However, NABEEL does not teach “extracting from the generated graph of associations at least one subgraph … and containing at least one unclassified object based on at least one of the following: an analysis of a group association between objects; and an analysis of sequential association between objects; … restricting access to an object that is classified as malicious.”
In analogous teaching RAY teaches “extracting from the generated graph of associations at least one subgraph … and containing at least one unclassified object based on at least one of the following: an analysis of a group association between objects; and an analysis of sequential association between objects; ([RAY, para.0111] “The event graph 500 may similarly be traversed going forward from one or more of the root cause 504 or the security event 502 to identify one or more other computing objects affected by the root cause 504 or the security event 502. For example, the first file 516 and the second 518 potentially may be corrupted because the USB device 512 included malicious content.”) ([RAY, para.0112] “The event graph 500 may include one or more computing objects or events that are not located on a path between the security event 502 and the root cause 504. These computing objects or events may be filtered or ‘pruned’ from the event graph 500 when performing a root cause analysis or an analysis to identify other computing objects affected by the root cause 504 or the security event 502.”) ([RAY, para.0114] “The event graph 500 may be created or analyzed using rules that define one or more relationships between events and computing objects”) restricting access to an object that is classified as malicious. ([RAY, para.0103] “if a particular process executing on the endpoint is compromised, or potentially compromised or otherwise under suspicion, keys to that process may be revoked in order to prevent, e.g., data leakage or other malicious activity”) ([RAY, para.0065] “Based on reputation, potential threat sources may be blocked, quarantined, restricted, monitored, or some combination of these, before an exchange of data can be made.”).

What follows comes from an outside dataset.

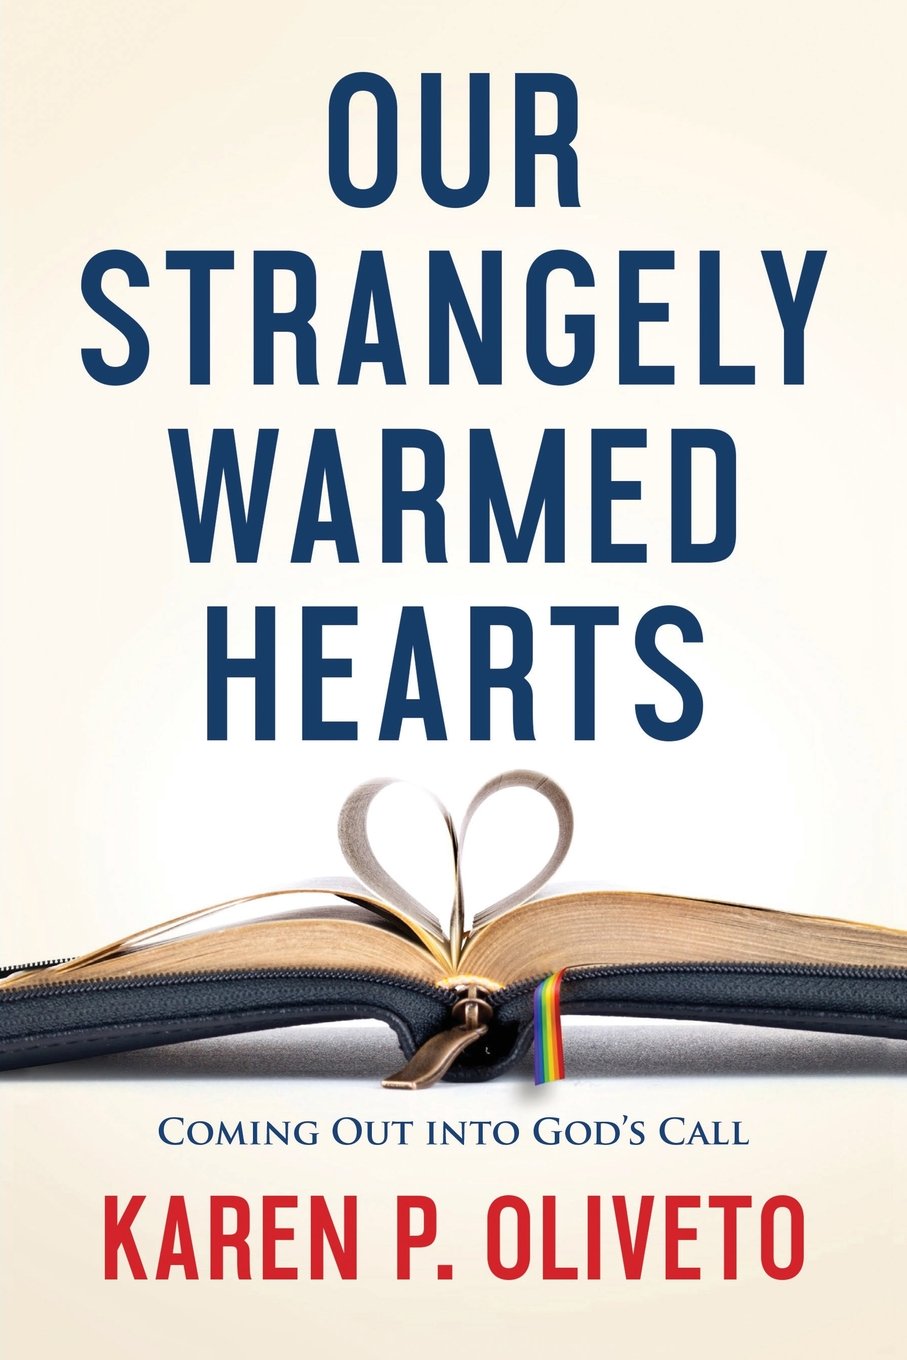 Bishop Karen P. Oliveto’s book, “Our Strangely Warmed Hearts: Coming Out Into God’s Call.” 
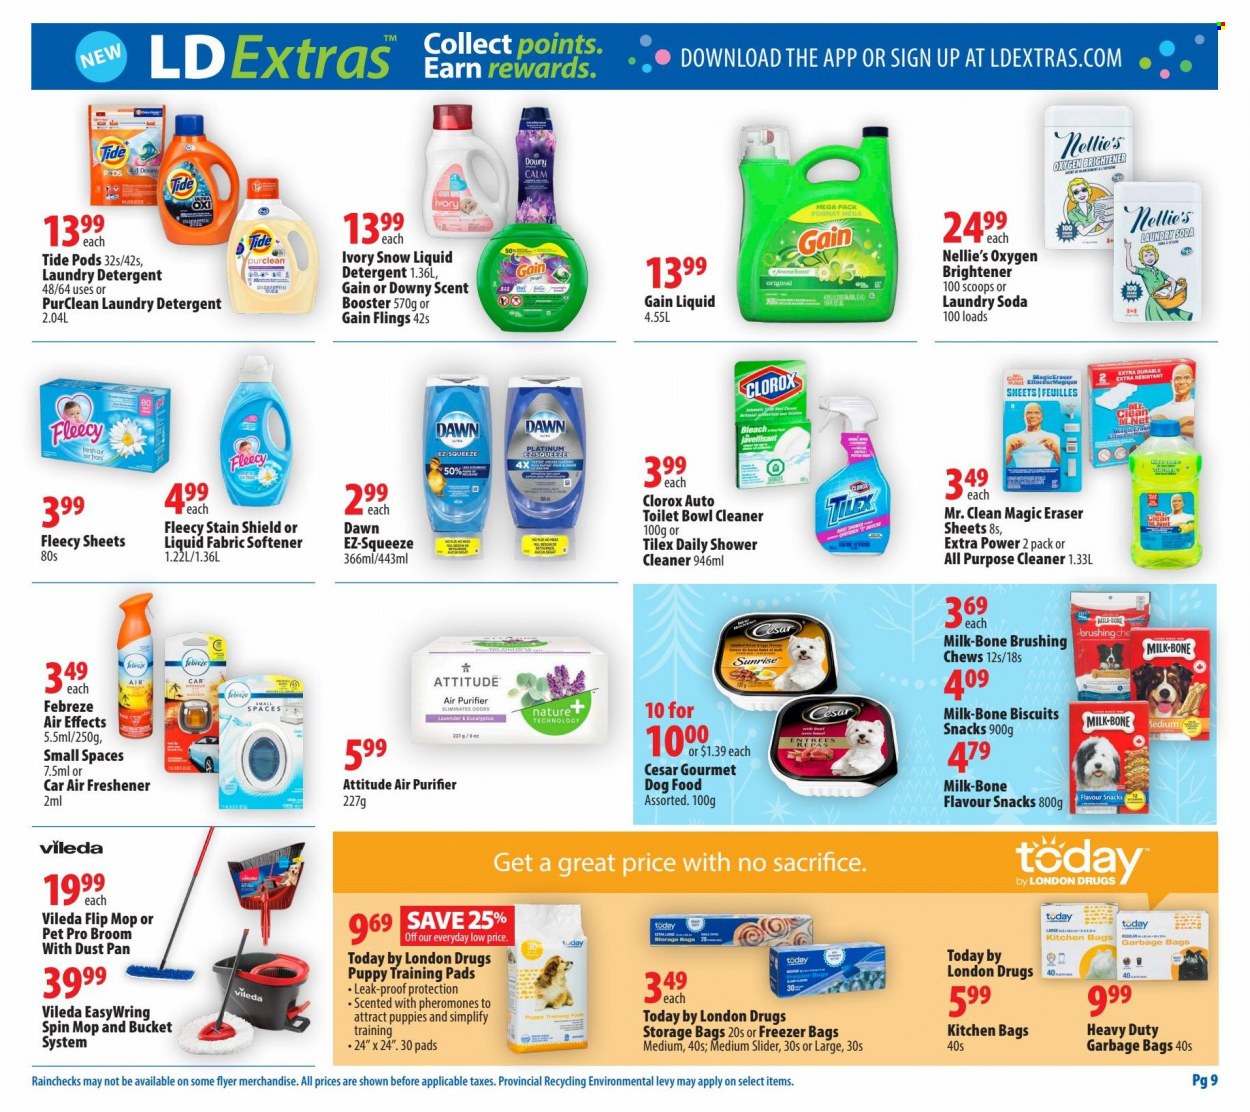 thumbnail - London Drugs Flyer - December 02, 2022 - December 07, 2022 - Sales products - chewing gum, biscuit, soda, Boost, Febreze, Gain, cleaner, bleach, all purpose cleaner, Clorox, Tide, fabric softener, liquid detergent, laundry detergent, Downy Laundry, bag, storage bag, Vileda, spin mop, mop, broom, freezer bag, eraser, air freshener, freezer, air purifier, detergent. Page 9.

Thus, given the teaching of RAY, it would have been obvious to one of ordinary skill in the art before the effective filling date of the claimed invention to combine the teaching of subgraphs by RAY into the teaching of method for classifying objects to prevent the spread of malicious activity by NABEEL. One of ordinary skill in the art would have been motivated to do so because RAY recognizes the need for improved threat management ([RAY, abstract] “Event data from these sensors is augmented with contextual information about, e.g., a source of each event in order to facilitate improved correlation, analysis, and visualization at a threat management facility for the enterprise network”).
Regarding claim 16, this claim recites of system that performs the method of claim 1. Therefore, claim 16 is rejected in a similar manner as in the rejection of claim 1.
Regarding claim 20, this claim recites of a non-transitory computer-readable medium storing thereon computer executable instructions which perform the method of claim 1. Therefore, claim 20 is rejected in a similar manner as in the rejection of claim 1.
Regarding claims 3 and 18, NABEEL-RAY teaches all limitations of claims 1 and 16. NABEEL further teaches “wherein the classification rules include at least one of the following: a similarity analysis or an analysis of objects using a machine learning model for determining the similarity of the received input objects.” ([NABEEL, para. 0052] “The machine learning module 128 may be configured to include a classification module 130, an association module 132, a graph-building module 134, and an assessment module 136.”) ([NABEEL, para. 0068] “The assessment module 136 may be configured to assess the maliciousness of a domain based on a weighted domain graph. For example, once the graph-building module 134 has completed building a graph detailing weights and relations between the domains of the domain list 108, the assessment module 136 may employ a belief propagation algorithm to determine a likelihood that a specific domain may be malicious”) ([NABEEL, para. 0063] “The machine learning module 128 may be further configured to include an association module 132. This association module 132 may be configured to associate each of the plurality of domains on the domain list 108 and the resolving IP addresses 114 found within the DNS data 104 on at least the corresponding associations, determining a plurality of domain associations 144.”).
Regarding claim 5, NABEEL-RAY teaches all limitations of claim 1. RAY further teaches “wherein the graph of associations contains only associations between objects of different types.” ([RAY, para. 0106] “The event graph 500 may include a sequence of computing objects causally related by a number of events, and which provide a description of computing activity on one or more endpoints”) ([RAY, para. 0109] “the event graph 500 may be traversed in a reverse order from a computing object associated with the security event 502 based on the sequence of events included in the event graph 500. For example, traversing backward from the action 528 leads to at least the first application 520 and the USB device 512. As part of a root cause analysis, one or more cause identification rules may be applied to one or more of the preceding computing objects having a causal relationship with the detected security event 502, or to each computing object having a causal relationship to another computing object in the sequence of events preceding the detected security event 502.”).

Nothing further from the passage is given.